In 3D, there is another way that I think is easier.
Let's use $\vec u$ to denote the given vector.
(1) Choose some other vector $\vec x$ that is not parallel to $\vec u$. A good choice is to set $\vec x$ equal to one of the coordinate axis vectors $(1,0,0)$, $(0,1,0)$ or $(0,0,1)$. If you're concerned about numerical stability, choose the one that is most nearly perpendicular to $\vec u$.
(2) Let $\vec v$ be a unit vector in the direction of $\vec u \times \vec x$. So, you compute $\vec u \times \vec x$ and then unitize it.
(3) Let $\vec w = \vec u \times \vec v$.
Then $\vec u$, $\vec v$, $\vec w$ form an orthonormal set.
In this case, we can see by inspection that $(0, 0, 1)$ is an acceptable choice. Then, evaluate $(2^{-1/2},-2^{-1/2},0)\times(0,0,1) = (-2^{-1/2},-2^{-1/2},0)$. One can readily check that these are already normalised and so we are done. Perhaps you could have seen what these vectors could have been using geometric considerations as well.
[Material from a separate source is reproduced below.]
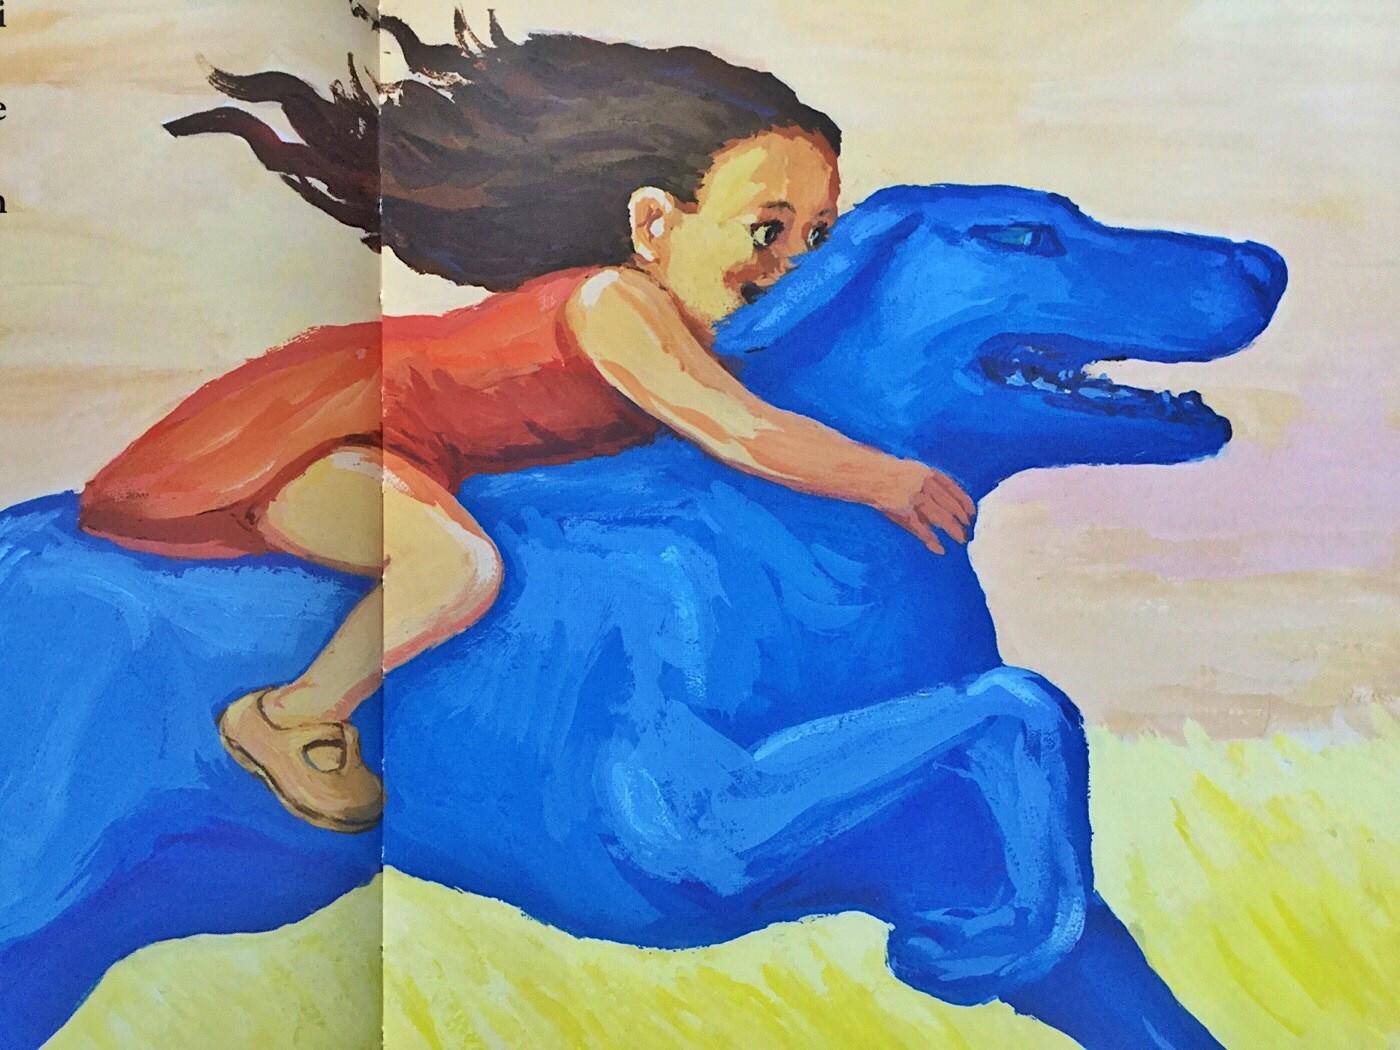 cane-blu-nadja-babalibri-galline-volanti
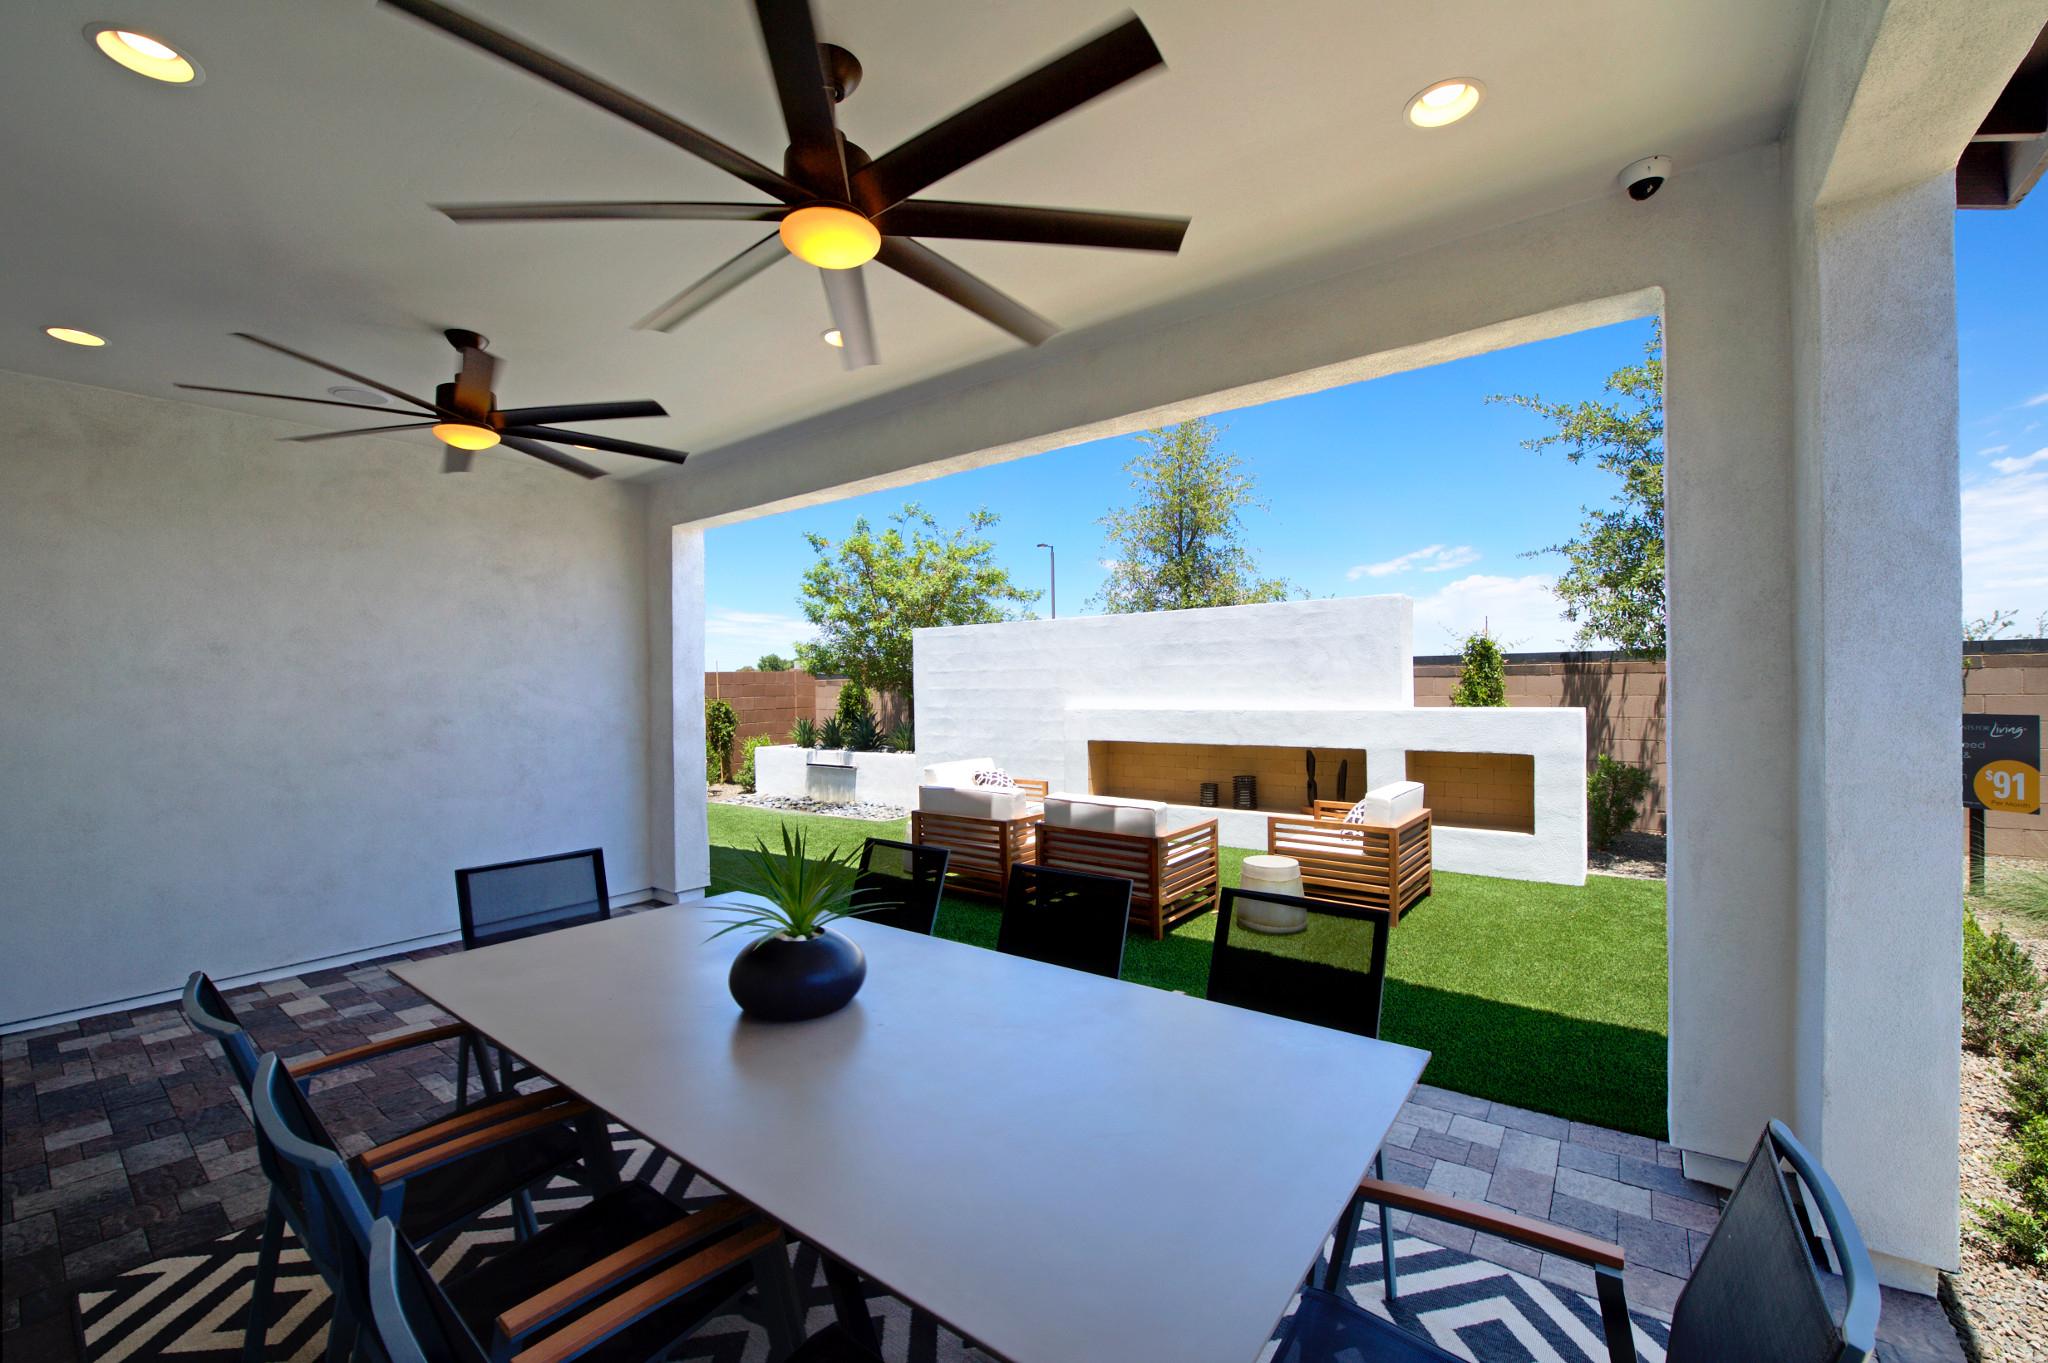 Aperture at Gateway Quarter Plan 4014 Backyard

But note that our choice of an orthogonal basis is by no means unique. Even if we have two vectors, to complete the orthonormal basis there are still two possible choices.
Alternatively, you could take two linearly-independent vectors and use the Gran-Schmmidt process. There are articles abound on the web mentioning this process.